In theory, web3 wants to achieve a state where the code is law. Users create governance proposals and vote to adjust the code as needed. In practice, developers create and adjust the laws. Governance is a marketing tool used to onboard users.

Inconveniences in practice

Even with well intentioned developers, web3 still faces hurdles.

Content moderation is the elephant in the room. Especially when dealing with social apps, “code is law” is the gateway down a slippery slope.

But moderation also applies to financial applications. As an example, if we create a web3 GoFundMe, what is to stop the inevitable onslaught of fraud? If “code is law” and there is no mechanism to weed out fraud, web3 GoFundMe would be a spawning pool for scams.

Going back to social apps, limiting speech is not the issue. We can create environments where free speech is absolute. Whether you want to participate is up to you. But we cannot allow environments where we facilitate illegal content. Illegal isn’t “You’re not allowed to say that and therefore it is illegal”. We have clear definitions of illegal content.

If we allow code to rule, exploitation is an inevitable outcome. A system governed by code is rigid. We need methods to help us navigate this black and white, all or nothing state. And these methods will be rooted in some from of centralization. Our society relies on moderation.

But there is a bigger problem stifling progress.

Greed

The root of the problem lies in motivation.

Most users aren’t attracted to the cryptocurrency space to create governance proposals and vote. For the majority of users, the attraction is value accrual. As long as value is being transferred to users, the buzzwords (permissionless, decentralization, trustless) are afterthoughts. They become issues when the mirage of value becomes apparent. When users see the value of governance tokens or their investments plummet by 90%, the buzzwords shift to the forefront.

Most developers aren’t interested in creating decentralized applications. Blockchain is a new concept still finding its footing. Developers simply view it as an alternative platform to market their applications.

Blockchain was initially created to function as a public ledger to facilitate peer to peer transactions. It has morphed into a platform that wants to facilitate everything. Fueled by greed, developers will market any type of application and attach the word “blockchain”. Fueled by greed, users flock to these applications, but they don’t care about the benefits or implications of “blockchain”.

While greed is a driving force, it is also a major obstacle inhibiting the progress of web3.

The web3 future is unrealistic

The web3 system is predicated on the inconvenient reality that, when it is time, users must trust developers to give up control.

As we navigate through the maturation phase of blockchain and web3, we are learning that not everything needs to be on a blockchain.
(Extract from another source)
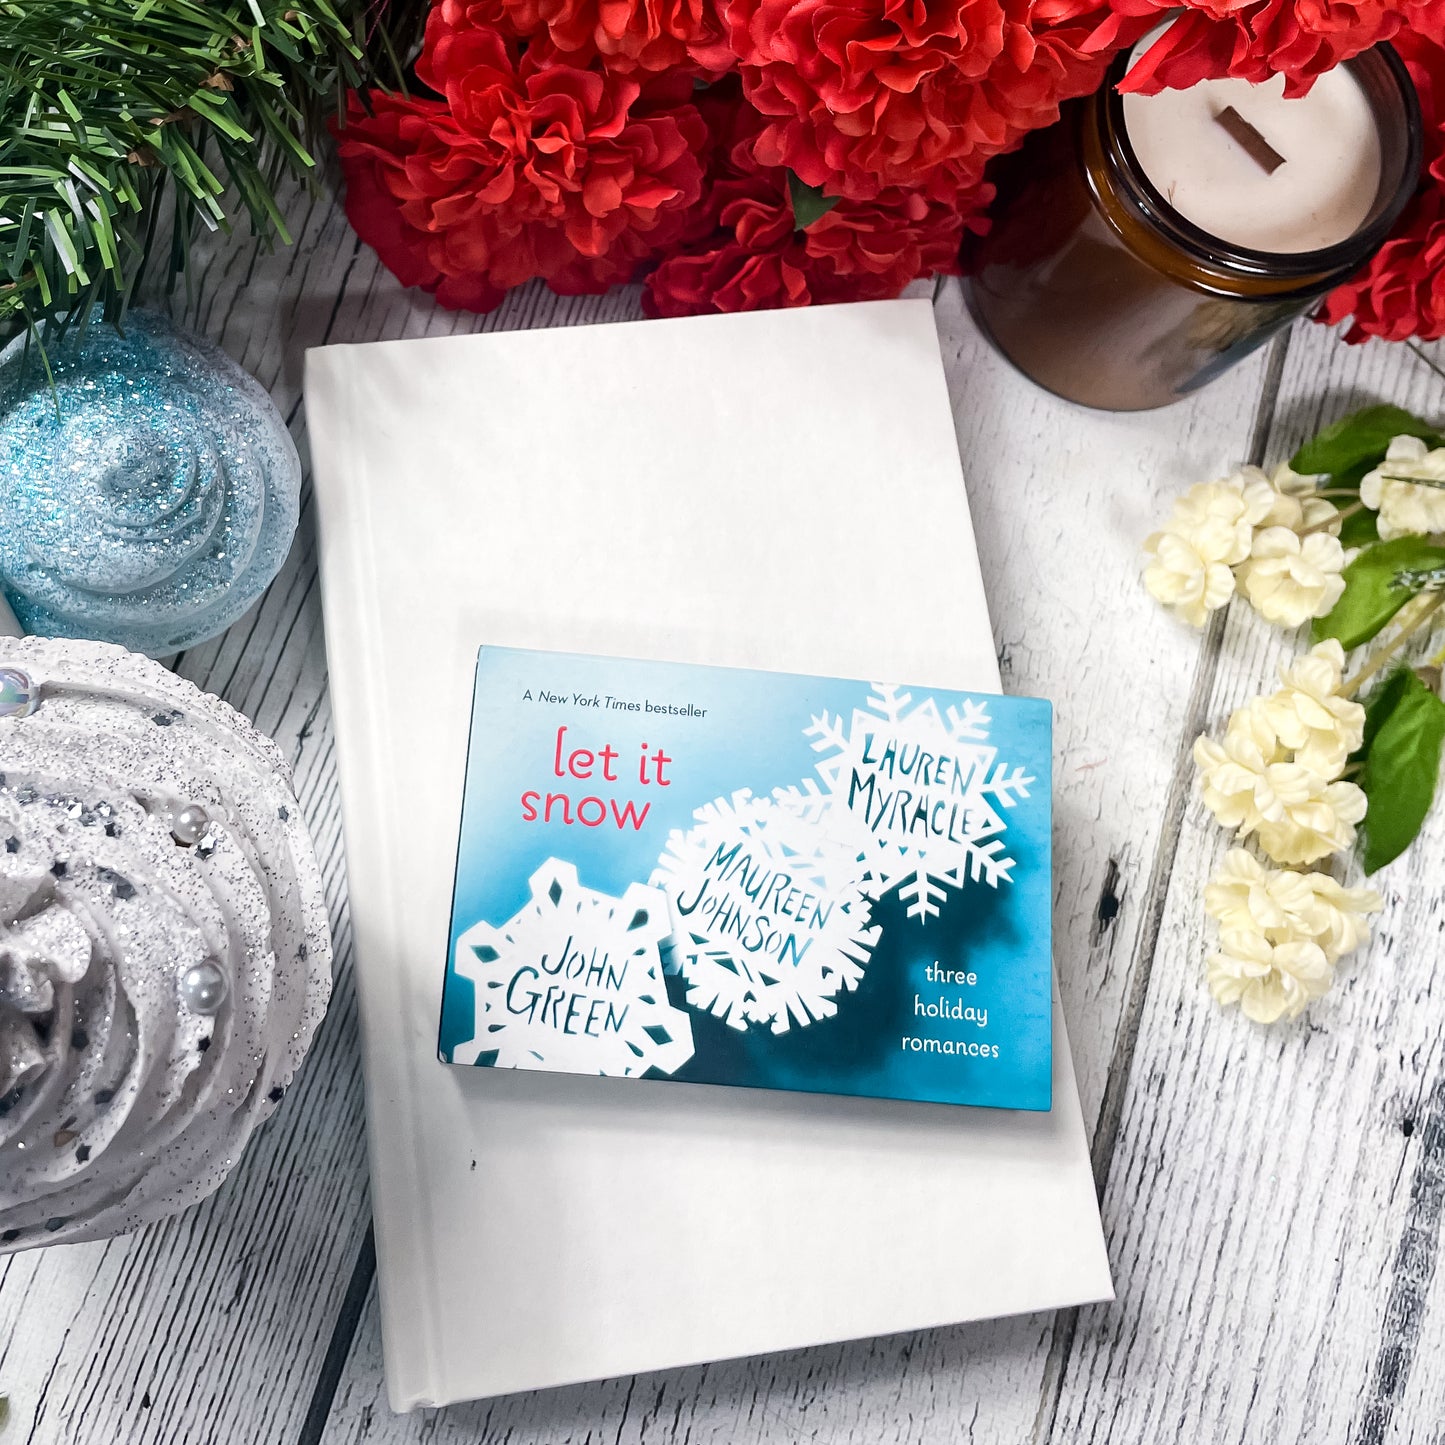 Let it Snow: Three Holiday Romances (Penguin Mini) by John Green, Maureen Johnson, and Lauren Myracle

However, many industries would see immediate benefits. The financial industry is destined to completely migrate to blockchain. The healthcare industry would see a massive increase in efficiency being able to share information between facilities in a more secure and convenient way. Proof of ownership would gain an extra, necessary level of authentication with blockchain.

Expecting web3 to completely replace the current iteration of the web is unrealistic and misguided.

Most importantly, if greed continues to be the motivating factor behind web3, there is no path forward.